Functional and nonfunctional parathyroid carcinoma: two case reports and literature review

PC is a rare endocrine malignancy. The onset age of PC is usually 40–50 years, which is 10 years earlier than that of PHPT [2]. Although PHPT shows a preferentially high incidence in males, the incidence rate of PC has no correlation with sex [4]. Currently, the etiology of PC is not clear. It usually occurs sporadically and may also be observed in the context of a genetic endocrine syndrome, such as hyperparathyroidism-jaw tumor syndrome (HPT-JT), multiple endocrine neoplasia type 1 (MEN1), multiple endocrine neoplasia type 2A (MEN2A), and familial isolated hyperparathyroidism (FIHP) [5, 6]. Patient 2 had a family history of parathyroid adenopathy, which may indicate a molecular genetic basis of the disease that warrants further study.
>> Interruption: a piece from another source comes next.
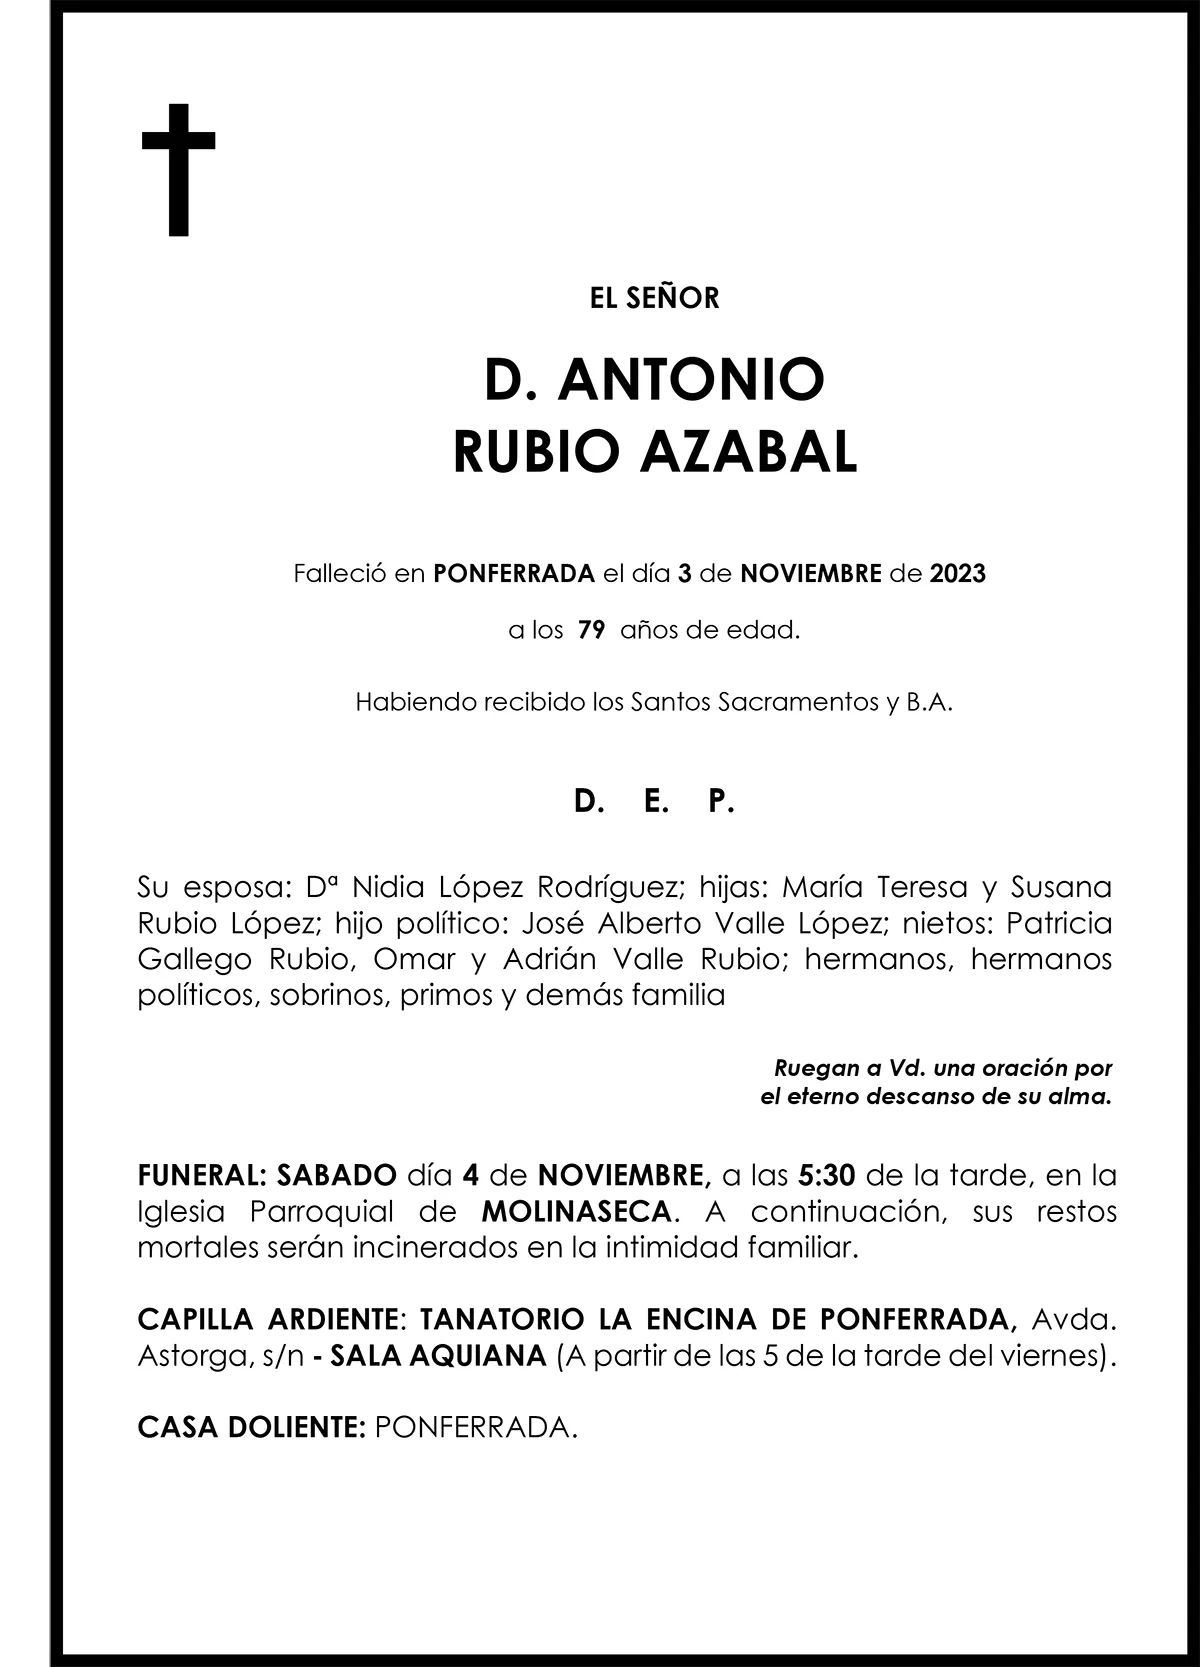 ANTONIO RUBIO AZABAL

PC has been reported to be associated with radiation exposure, secondary renal failure, and grade III hyperparathyroidism [4]. The TNM staging of PC was first proposed in 1999, but a standardized TNM staging algorithm has not yet been widely accepted towing to the rarity of PC [7, 8]. The right lower parathyroid gland is a common site of PC, and the lung, liver, and bone are the most common sites of its metastases [9]. With regard to regional lymph nodes, PC mainly involves the central neck region (VI or VII region) and rarely the lateral neck (II, III, and IV regions) [10]. PC is a rare disease with inert but progressive behavior, and lymph node involvement and distant metastasis are rare at the time of initial diagnosis [6].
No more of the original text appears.